### Data shown
_ _ _ _ _

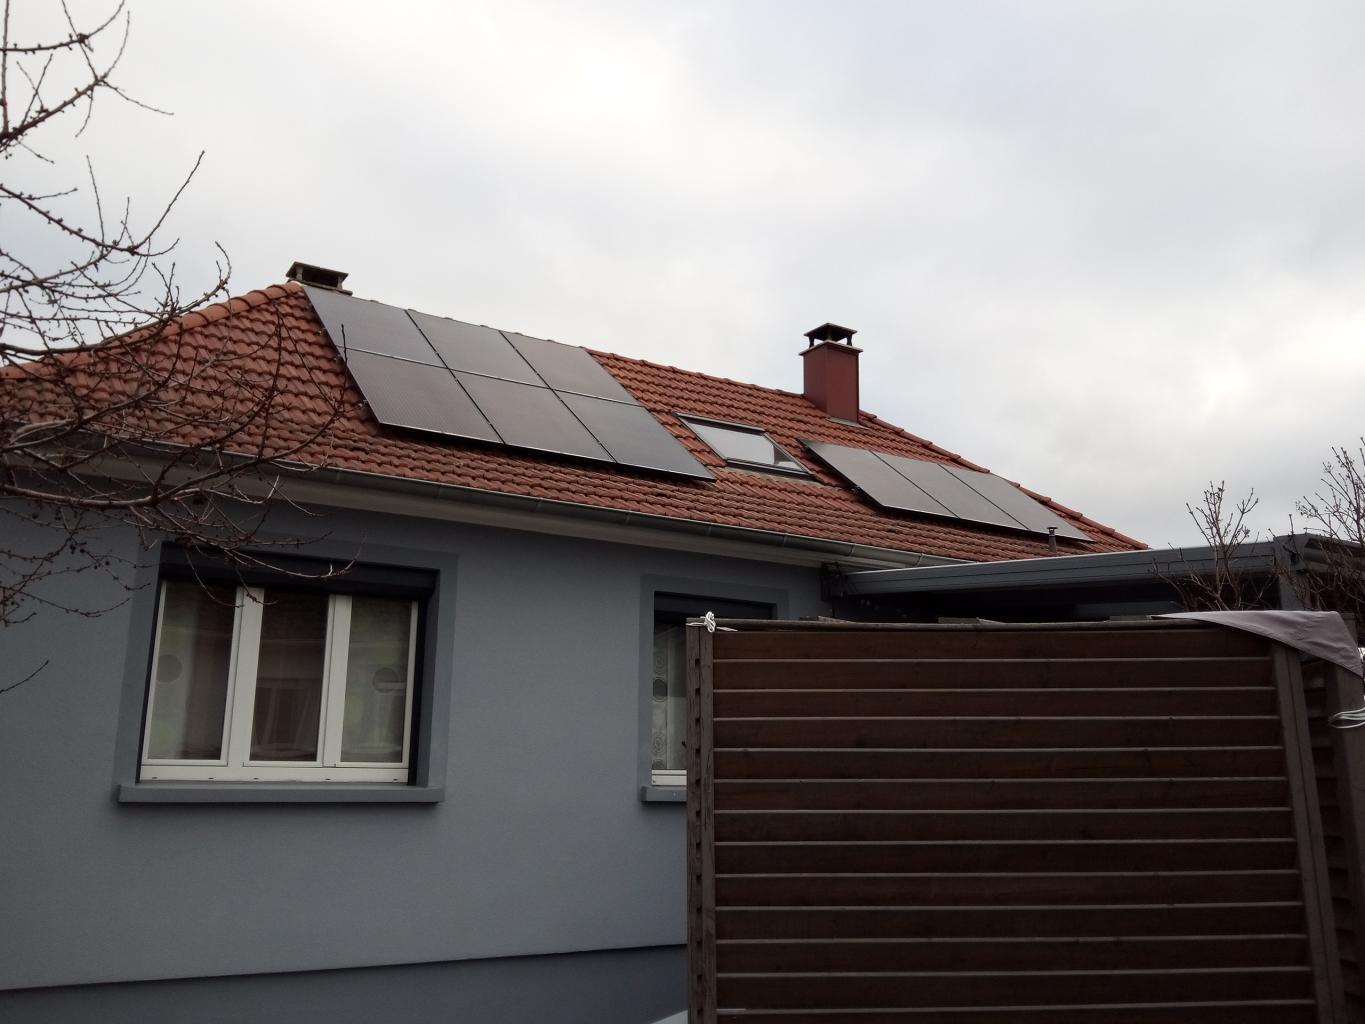 Panneaux photovoltaïques sur toiture
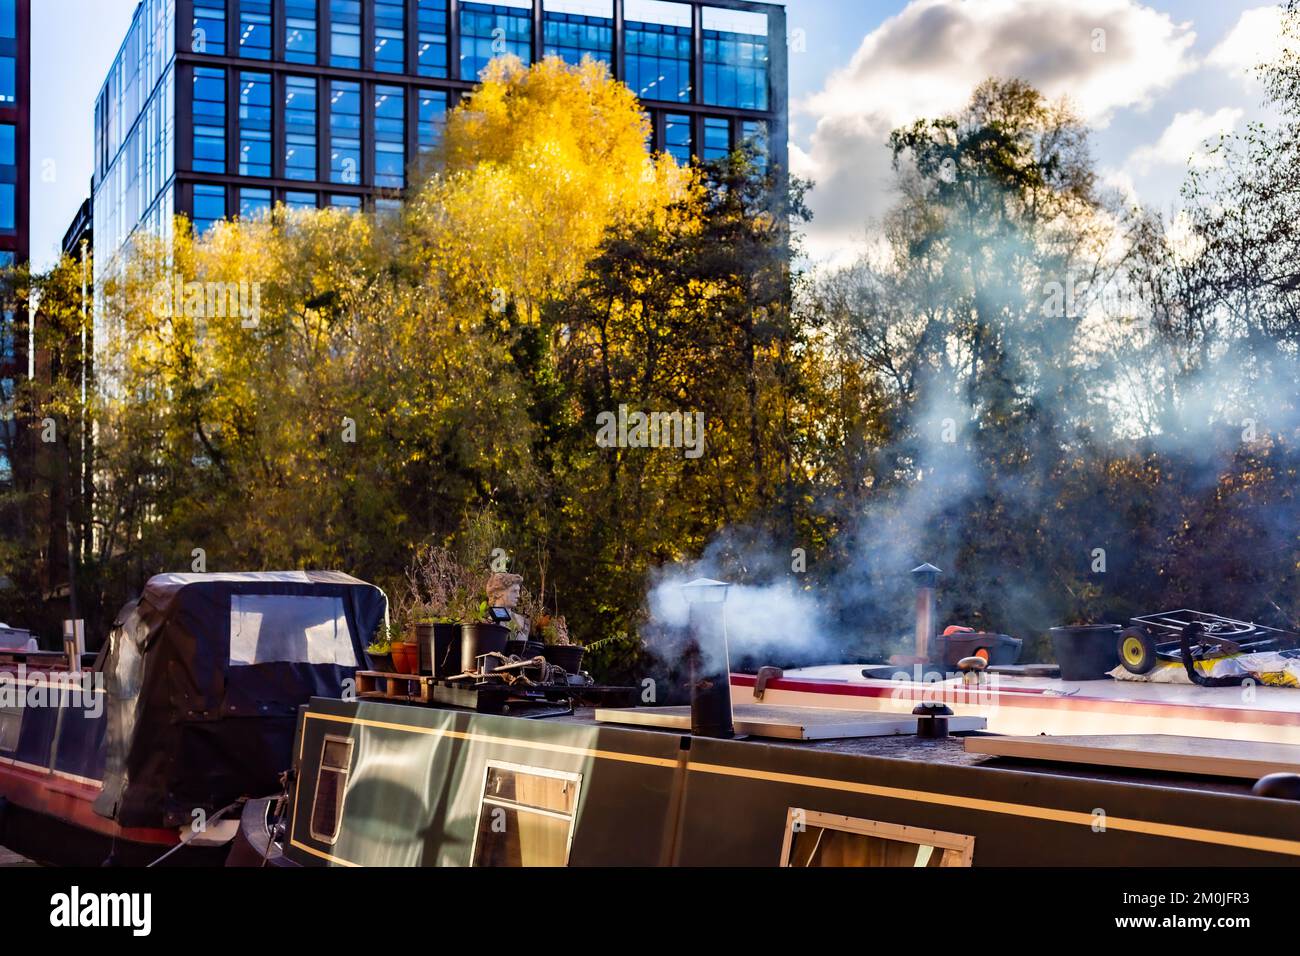 Kanalboote, die auf dem Kanal bei King's Cross festgemacht sind. Zwei Kanalboote, die mit starker Seitenbeleuchtung fotografiert wurden. Ein Boot hat einen Kamintrichter, der raucht. Stockfoto
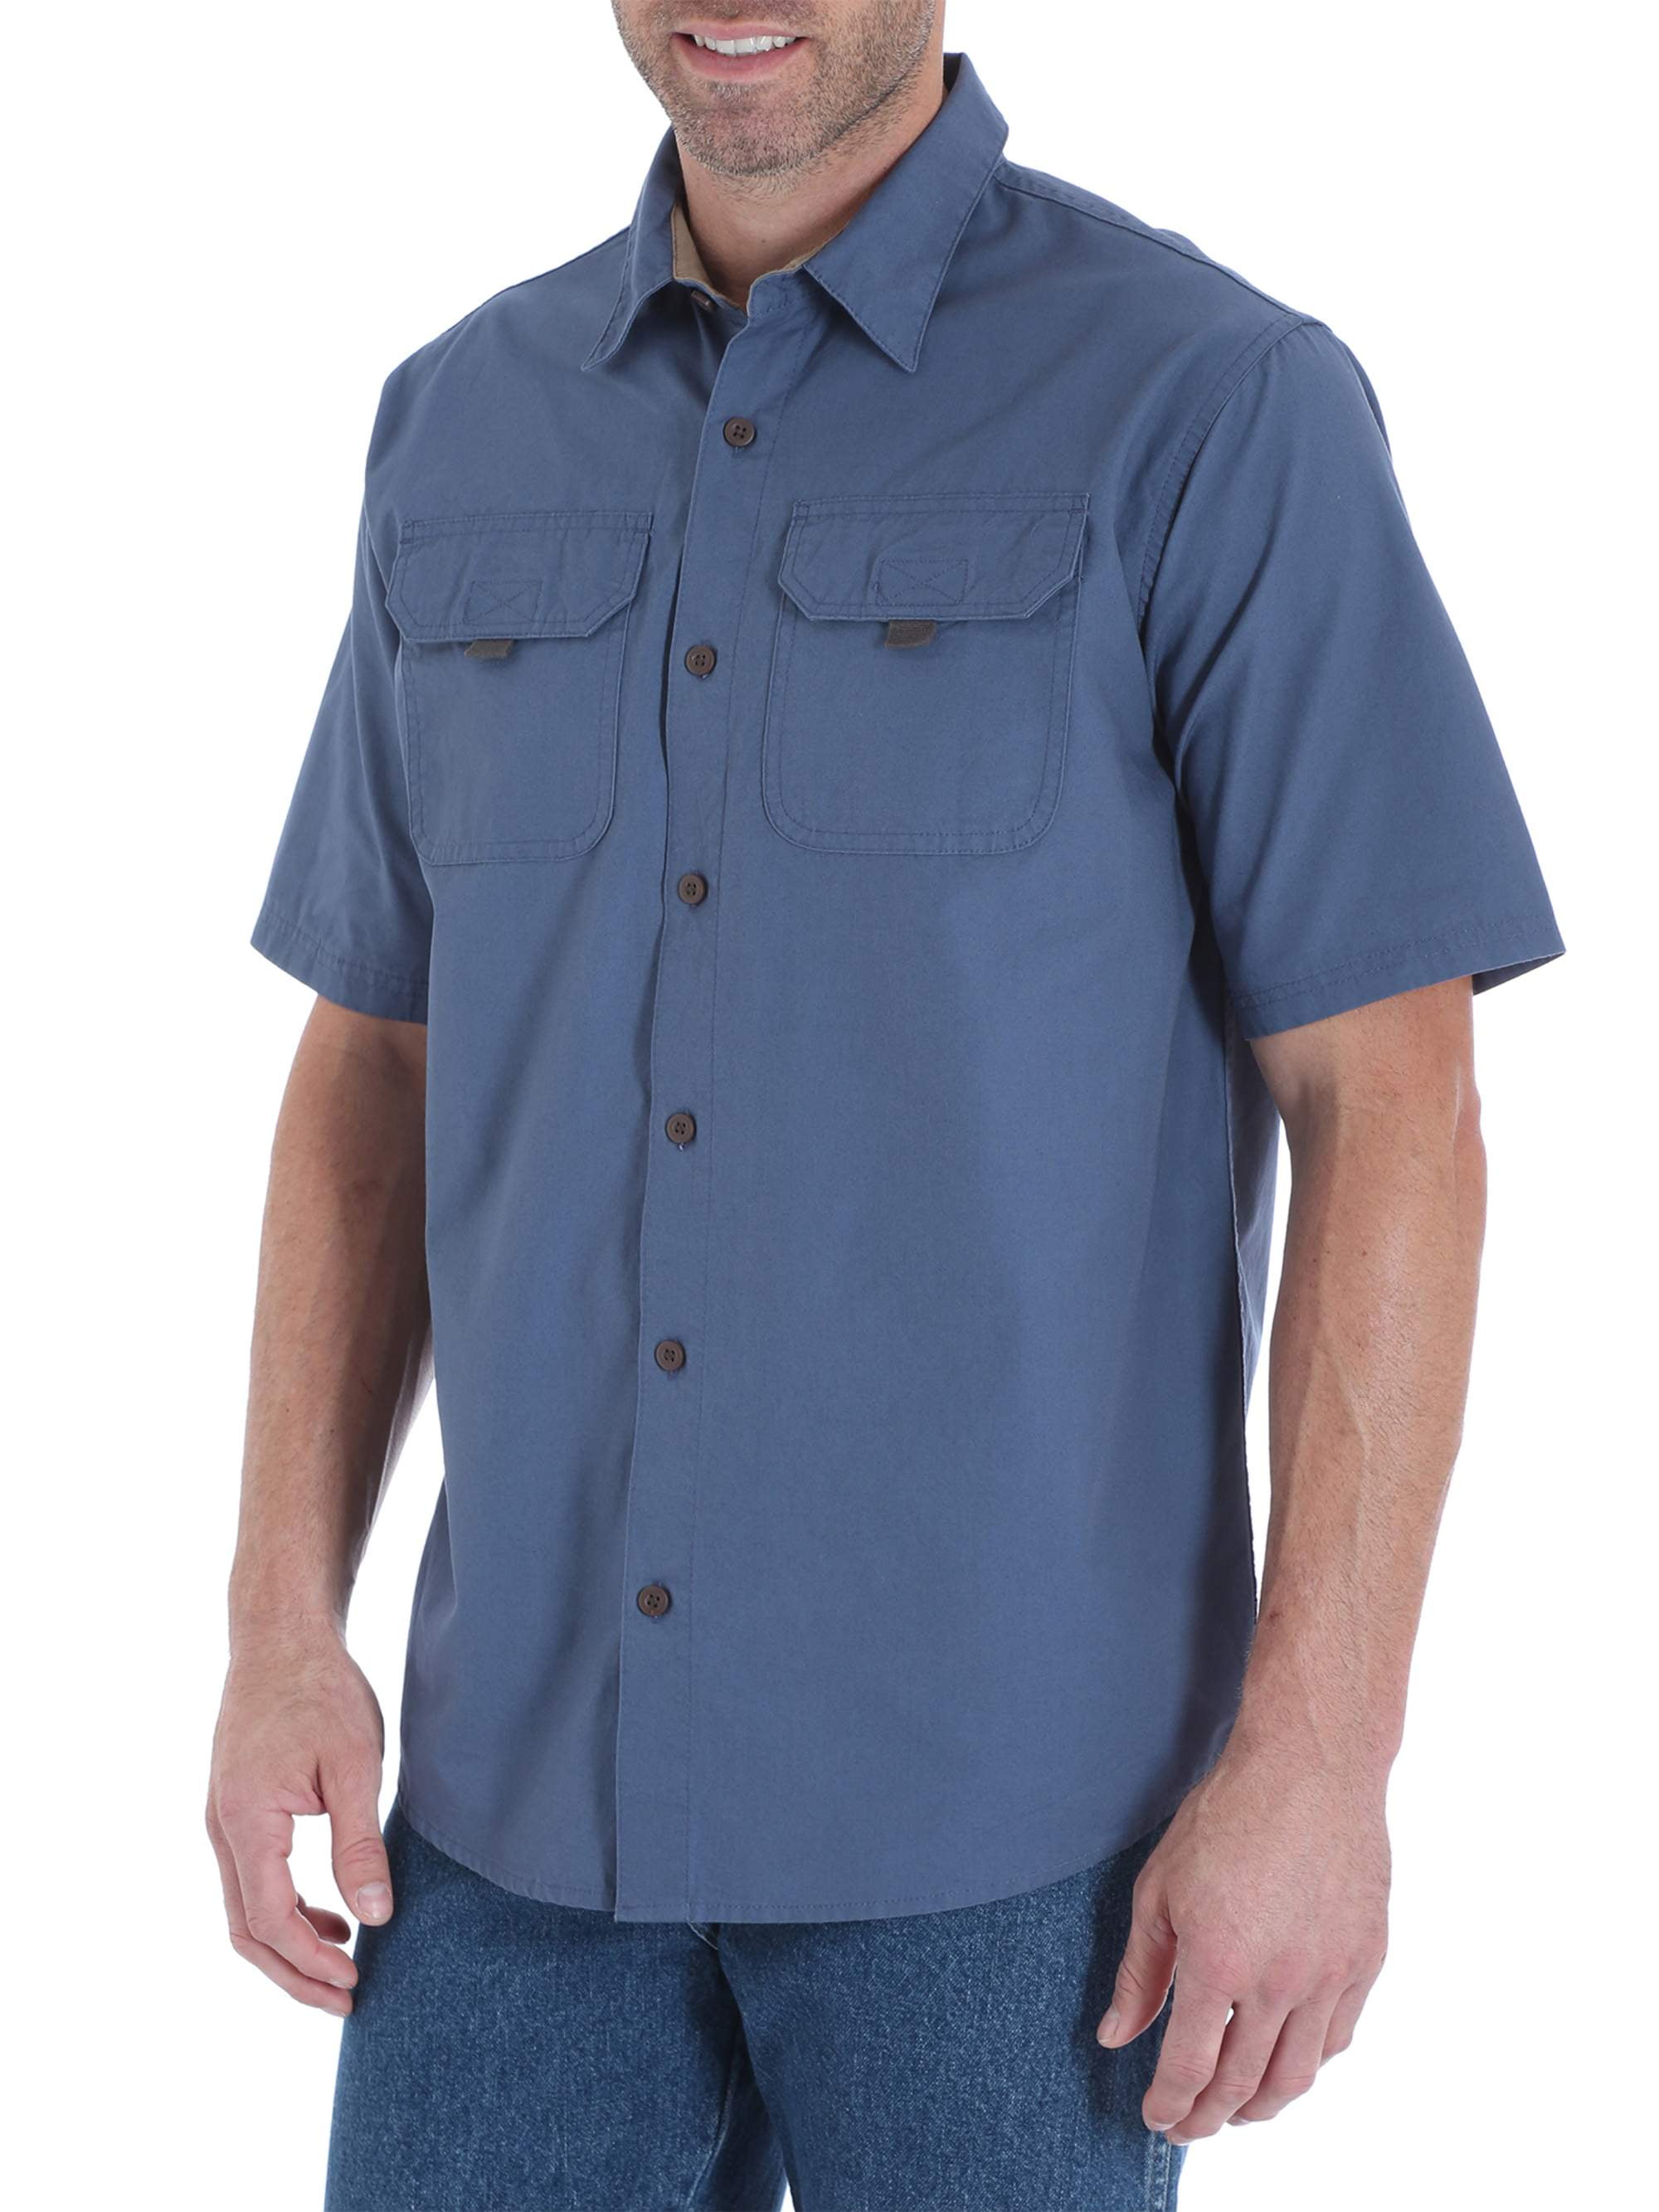 Men's Short Sleeve Canvas Shirt - Walmart.com

_ _ _ _ _

### Task description
All of the material goes into the answer exactly as it stands, except for the pictures.

### Answer section
 Panneaux photovoltaïques sur toiture
 Kanalboote, die auf dem Kanal bei King's Cross festgemacht sind. Zwei Kanalboote, die mit starker Seitenbeleuchtung fotografiert wurden. Ein Boot hat einen Kamintrichter, der raucht. Stockfoto
 Men's Short Sleeve Canvas Shirt - Walmart.com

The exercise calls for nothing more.